*Work task*.
Output the line that contains "Fotografía en blanco" together with each line after it, through the final line of the listing below, word for word; omit pictures.

*Raw data*.

——

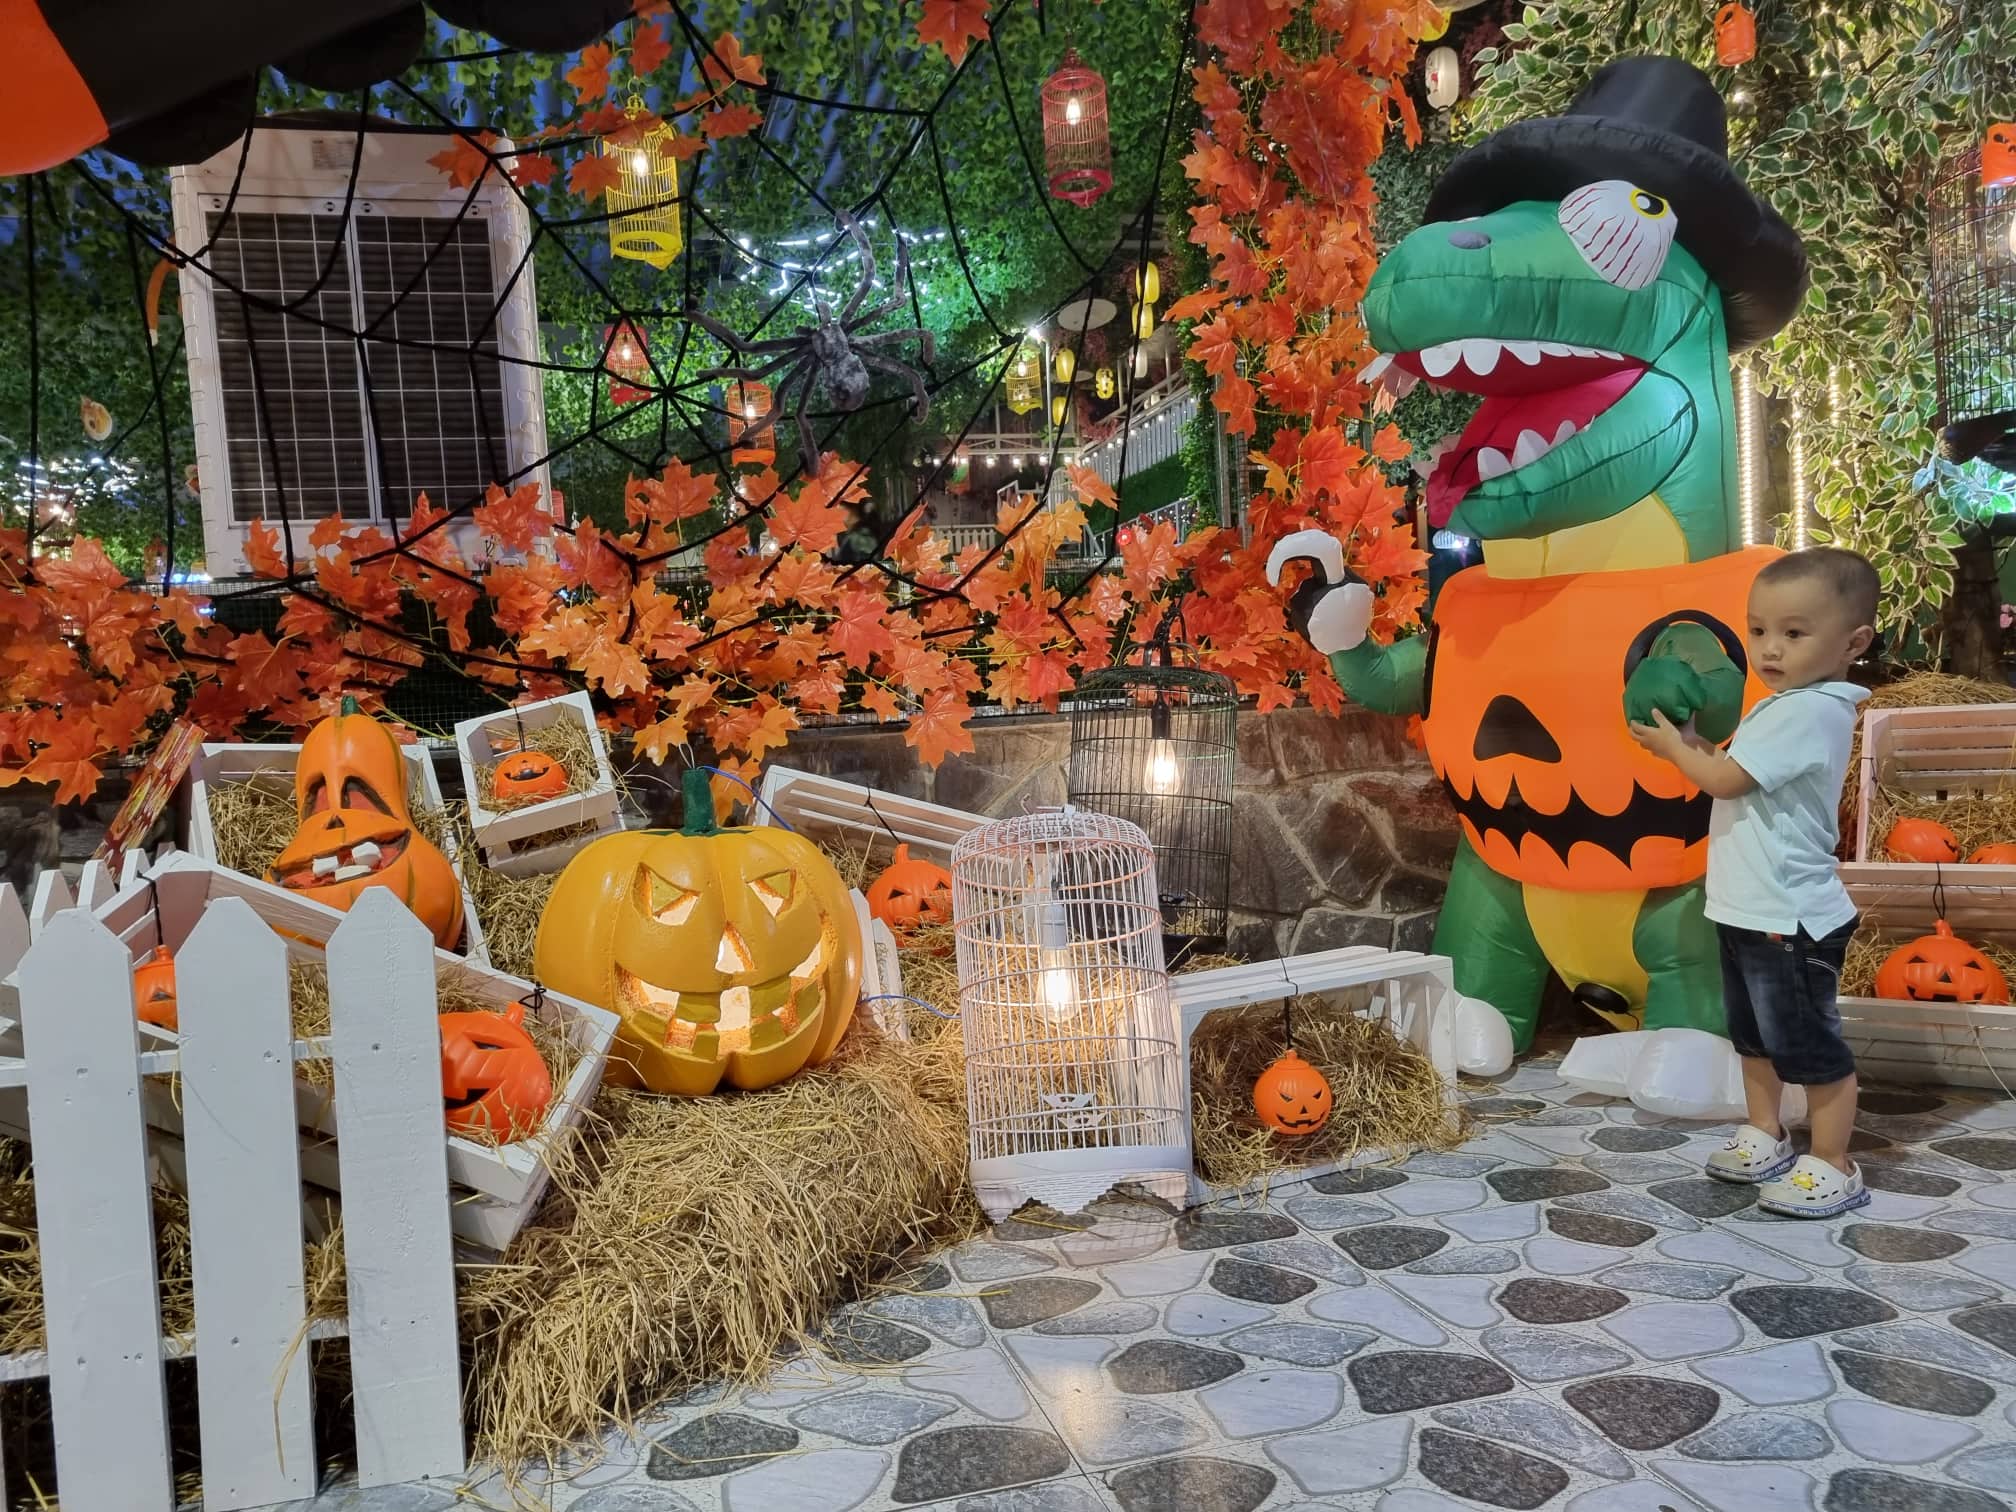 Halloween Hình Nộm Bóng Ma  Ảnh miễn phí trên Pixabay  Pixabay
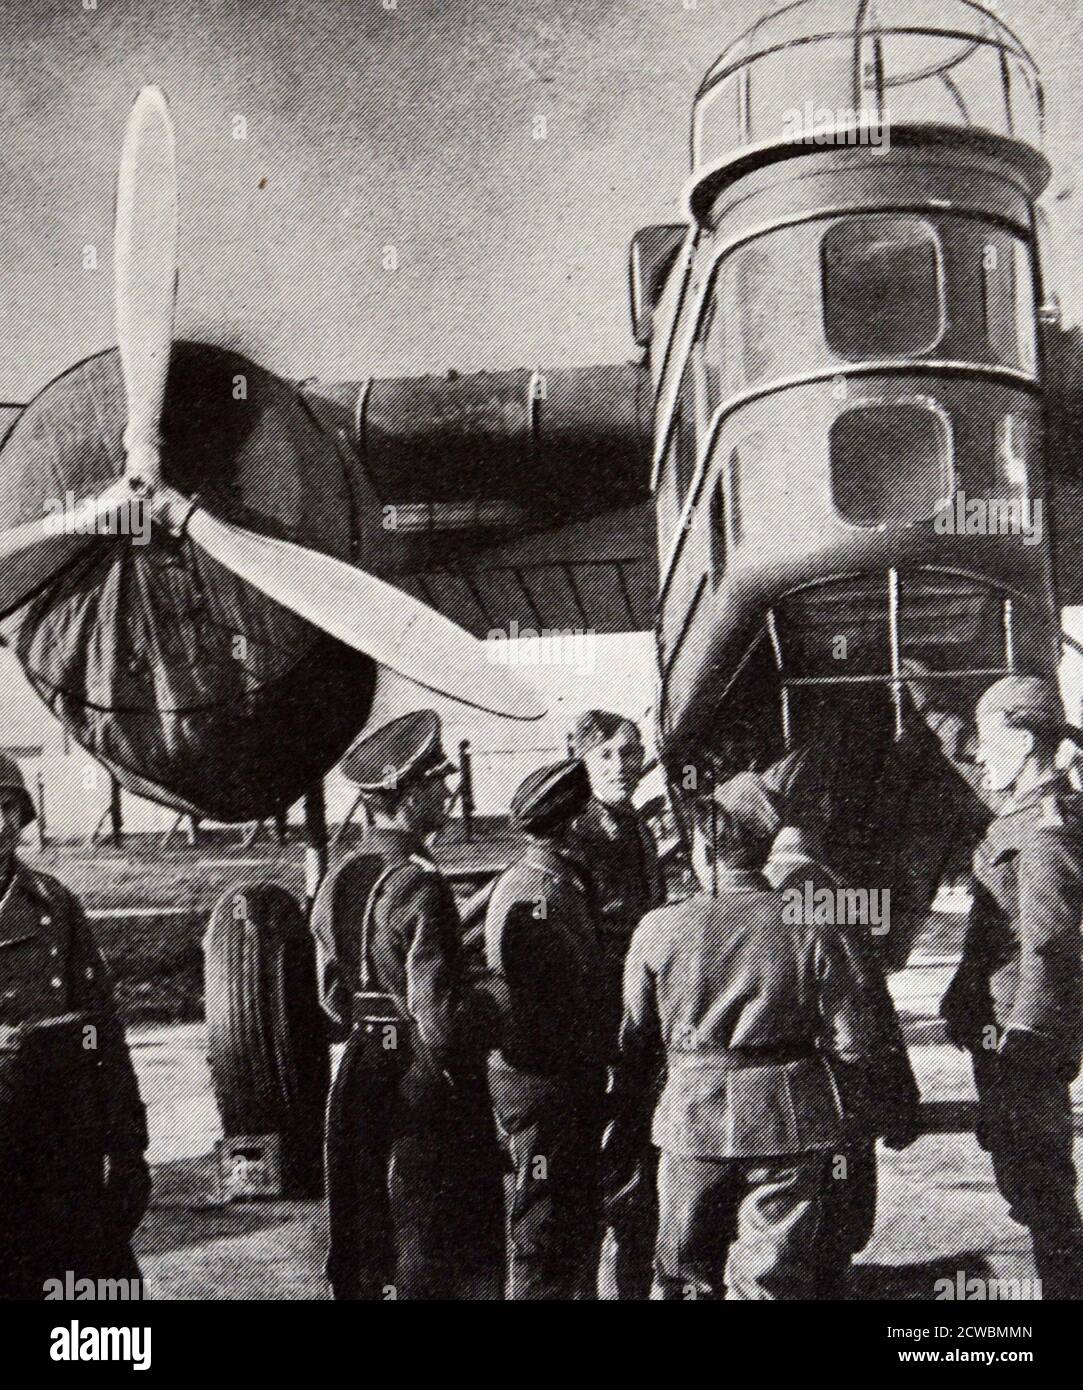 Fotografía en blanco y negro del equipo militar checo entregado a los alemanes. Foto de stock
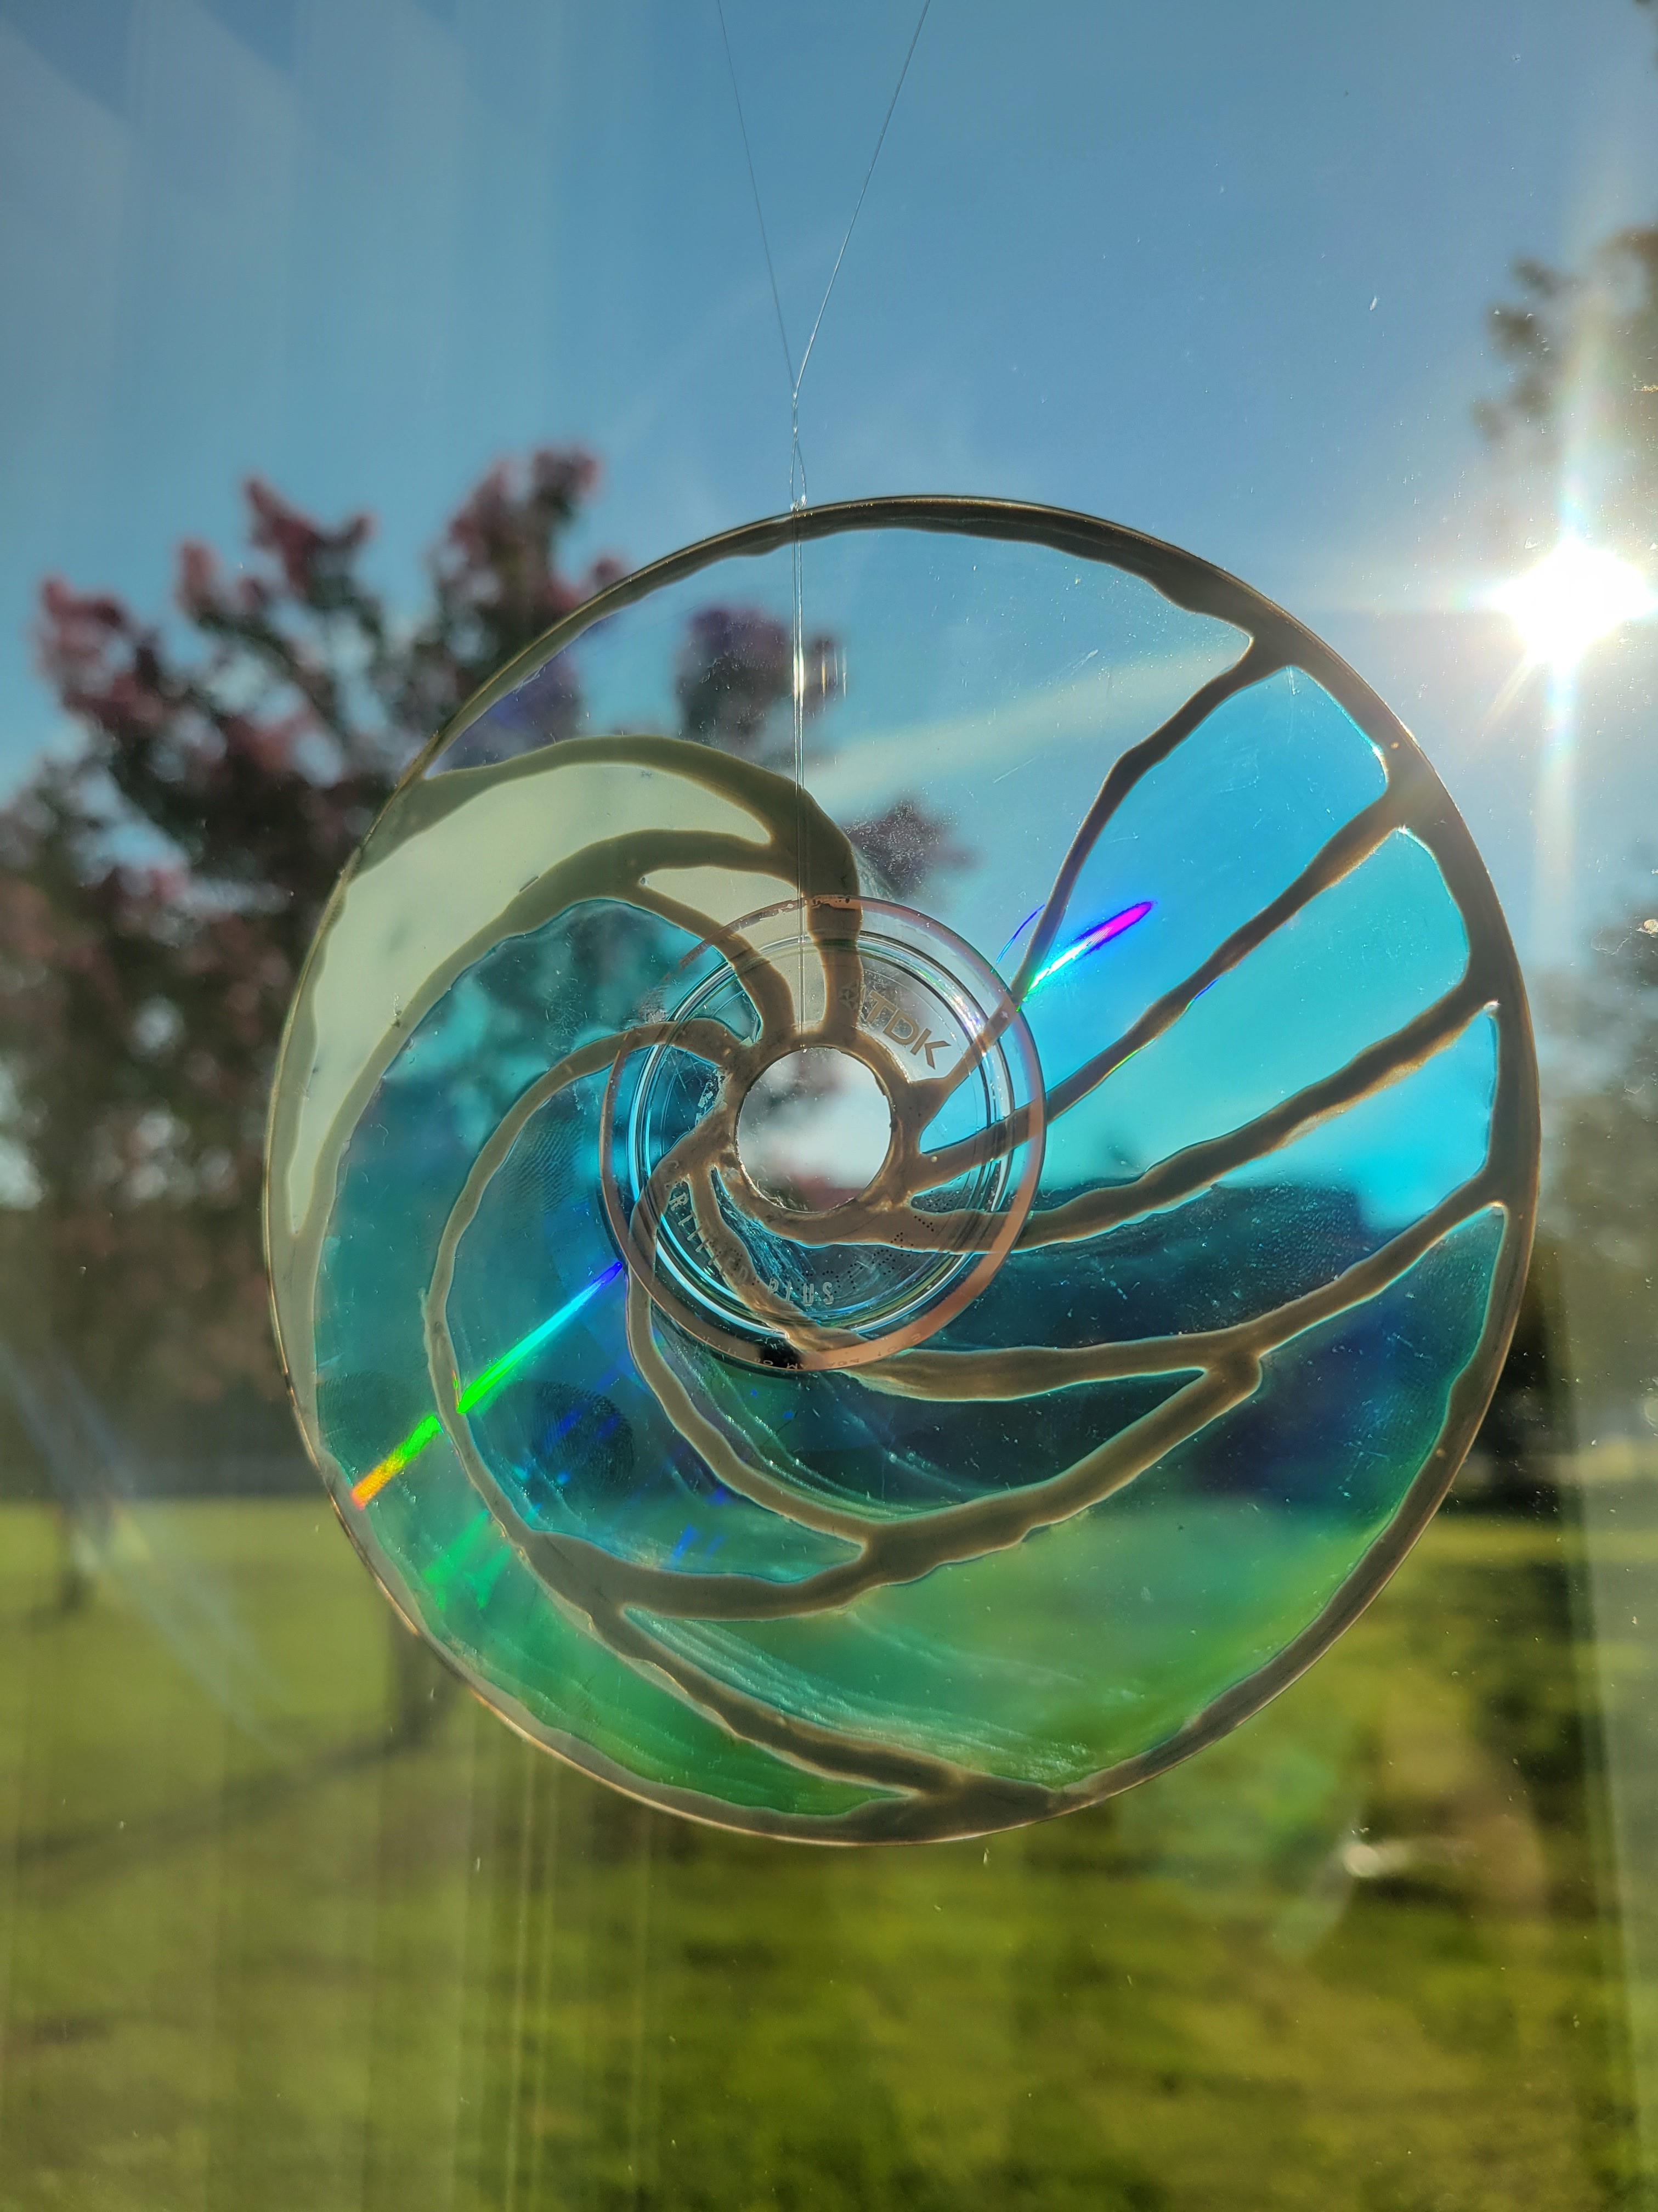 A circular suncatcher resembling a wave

——

*Reply*.
 Fotografía en blanco y negro del equipo militar checo entregado a los alemanes. Foto de stock
 A circular suncatcher resembling a wave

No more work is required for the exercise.